Thursday 30 December 2021

Bible Book:

‘Here am I and the children whom God has given me.’ (v. 13)

Hebrews 2:10-18 Thursday 30 December 2021

Psalm  117


The writer of the Hebrews is using the Bible in a way that we may find odd, the chosen section of the passage is from the Book of Isaiah in the Old Testament. Because the writer of the letter to the Hebrews believed that Isaiah was speaking of Jesus, the writer of Hebrews put those words into the mouth of Jesus, making them words, he believed, Jesus would say. We may not use the Bible in such a way today, but we need to be aware that is how it is being used – these are not words of Jesus as we see in the gospels, they are prophetic words spoken by Isaiah that the writer of the Hebrews believes to be fulfilled in Jesus and therefore they can be used as if they were Jesus' words.

 This passage reminds us that the Christmas narrative is not simply an interesting story, a quaint historical footnote. The coming of Jesus into the world at Christmas carries a purpose and that purpose is to point us to God’s desire to bring redemption and forgiveness into the world.

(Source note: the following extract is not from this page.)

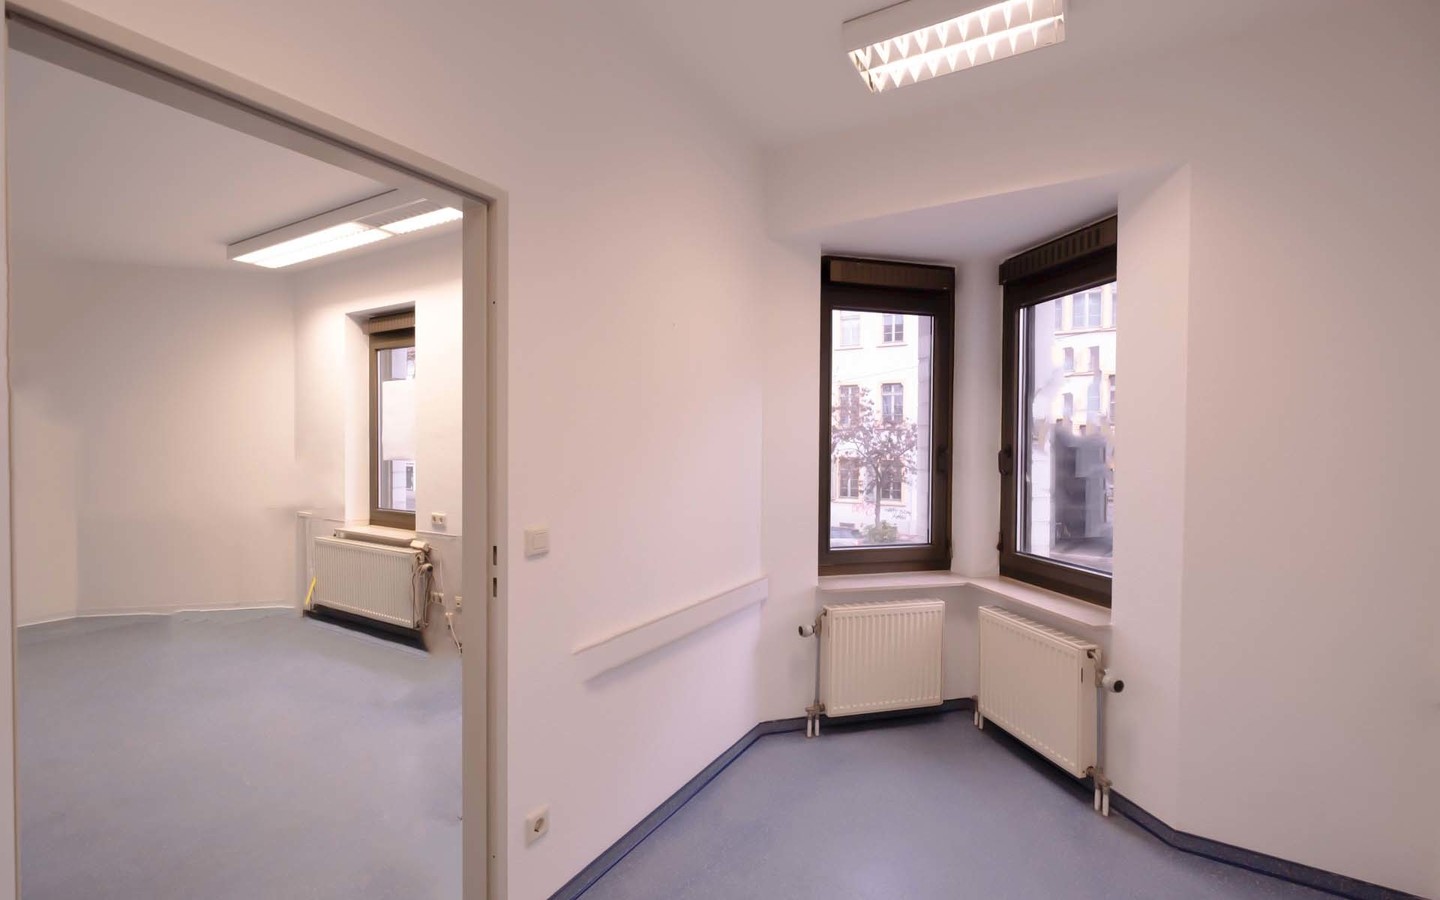 Behandlungszimmer - 200 m² große Praxis in zentraler Lage unweit vom Bismarckplatz mit 6 Stellplätzen

For the writer of the letter to the Hebrews the incarnation, where we believe God became human, is an essential part of the Christian spiritual experience. Because Jesus was fully human, he was able to experience suffering and this suffering leads to our being forgiven by God in one sense, but also allows Jesus to be in solidarity with those who are being tested and feel themselves to suffering, so we never need to believe ourselves to be alone and isolated.


To Ponder:

  • Reading this verse from Hebrews, it could seem that only a few – the ones given to Jesus – are saved. Does this reflect human freedom to choose, or God limiting the numbers of those whom he calls?
  •  In what ways can we say suffering is redemptive? Does this mean we can leave people in suffering because it may be a good thing?